A Bloomberg report carried by multiple sources repeat statements from Booz Allen Hamilton analyst Barry Jaruzelski: "Anyone who has bet against them (Apple) in the past few years is on a fool's errand."
He called the iPod the "de facto" standard for music players, to the extent that any other product is only "second best".
"No one can figure out a way to compete with them," Munster told the Washington Post. "It really is an amazing franchise that they've built here."
Concerns that consumer interest in the music player were dismissed by Jupiter Research analyst, Michael Gartenberg, speaking to the LA Times: "There's a lot of headroom for Apple, and opportunities to grow are continuing to evolve with the devices' form factor and functionality, so owners will want to upgrade."
Analysts puzzled at prudent Q4 goals
Analysts were surprised by Apple's fourth quarter guidance. Apple chief financial officer Peter Oppenheimer said: "Looking ahead to the fourth quarter of fiscal 2005, we expect revenue of about $3.5 billion and earnings per diluted share of about $.32."

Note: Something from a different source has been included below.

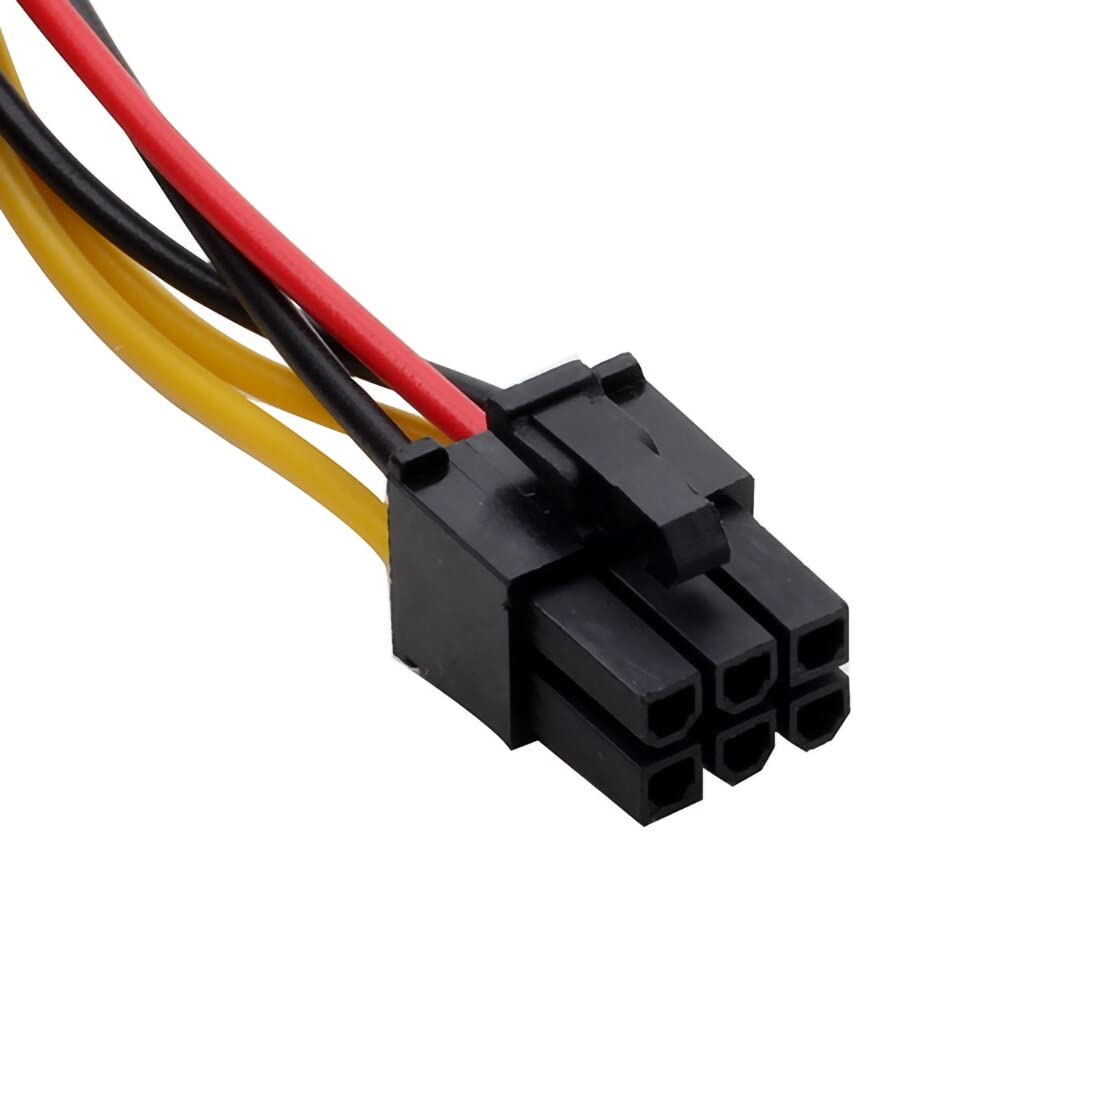 Cable de alimentacion para tarjeta grafica PCI-E 6 pin 0.15 M Multicol

Analysts were concerned at Oppenheimer's conservatism.
"It's been a long time since they guided down," Shaw Wu, an analyst with American Technology Research told Associated Press. "It's kind of bizarre considering the September quarter is usually a strong back-to-school quarter for Apple."
During last night's financial call, Oppenheimer called the guidance "prudent", explaining the company had only "limited data" through which to assess any potential damaging impact on Mac hardware sales as a result of the company's announced move to adopt Intel processors in Macs.
Analysts have warned that Apple may see Mac sales slow down as users decide to wait for its first Intel products to ship in 2006. Apple has a plan for the transition that allows users to run applications written for either the PowerPC processors the company currently uses or the forthcoming Intel chips, but some users may be wary, they have said.
Despite such concerns, some analysts expect more from Apple in its traditionally strong fourth quarter. Speaking to to The Financial Times, Munster dismissed the stated reasons for such concerns, saying: "It assumes nobody is going back to college and that the educational market is going to fall flat on its face. I don't buy it."